4 from that evidence that the defendant was disposed or inclined to commit sexual offenses, and . . . was likely to commit and did commit” the charged offenses. It added that this evidence was “only one factor,” was “not sufficient by itself” to prove guilt, and “[t]he People must still prove the charge beyond a reasonable doubt.” Other instructions listed the elements of the uncharged crimes and identified the victims for each. The jury was instructed the “harmful material” and child pornography evidence pertained to Doe 5. (CALCRIM Nos. 1140, 1141.) Sexual battery applied to “John Doe A, John Doe C, and John Doe #7 (specifically the allegation that defendant masturbated John Doe #7 at the conclusion of a massage).” (CALCRIM No. 938.) The instructions did not specify the “other behavior by the defendant that was not charged” as stated in CALCRIM No. 375. Our Supreme Court has “ ‘long held’ ” that the jury may consider evidence of other crimes if “ ‘ “proved by a preponderance of the evidence.” ’ ” (People v.

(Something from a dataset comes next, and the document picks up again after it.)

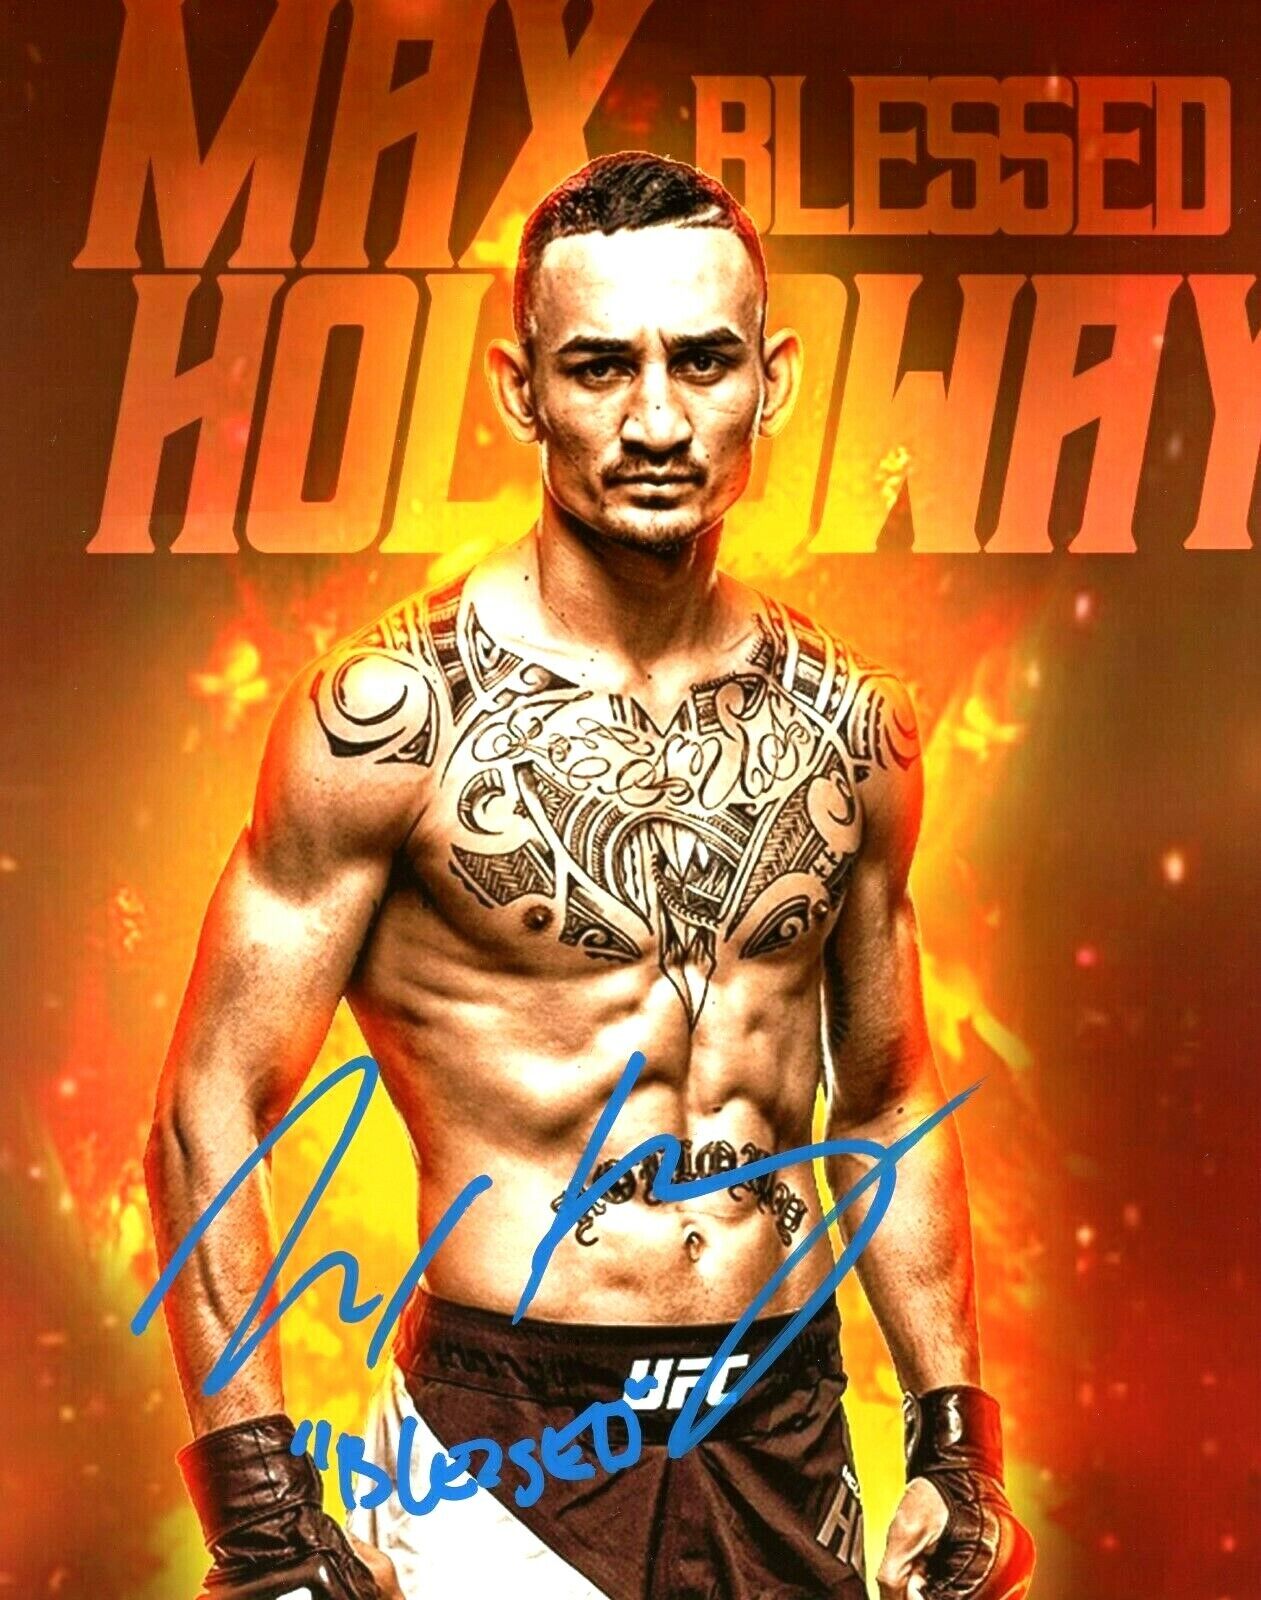 UFC MAX HOLLOWAY HAND SIGNED AUTOGRAPHED INSCRIBED 8X10 Photo Poster painting WITH PROOF & COA 1

Virgil (2011) 51 Cal.4th 1210, 1259.) “If the jury finds the facts sufficiently proven for consideration, it must still decide whether the facts are sufficient, taken with all the other evidence, to prove the defendant’s guilt beyond a reasonable doubt.” (Id. at pp. 1259–1260; see People v. Bryant, Smith and Wheeler (2014) 60 Cal.4th 335, 437.) These principles were included in CALCRIM Nos. 375 and 1191A, given here. Our Supreme Court upheld an instruction that applied the preponderance standard to an uncharged offense in People v. Reliford (2003) 29 Cal.4th 1007.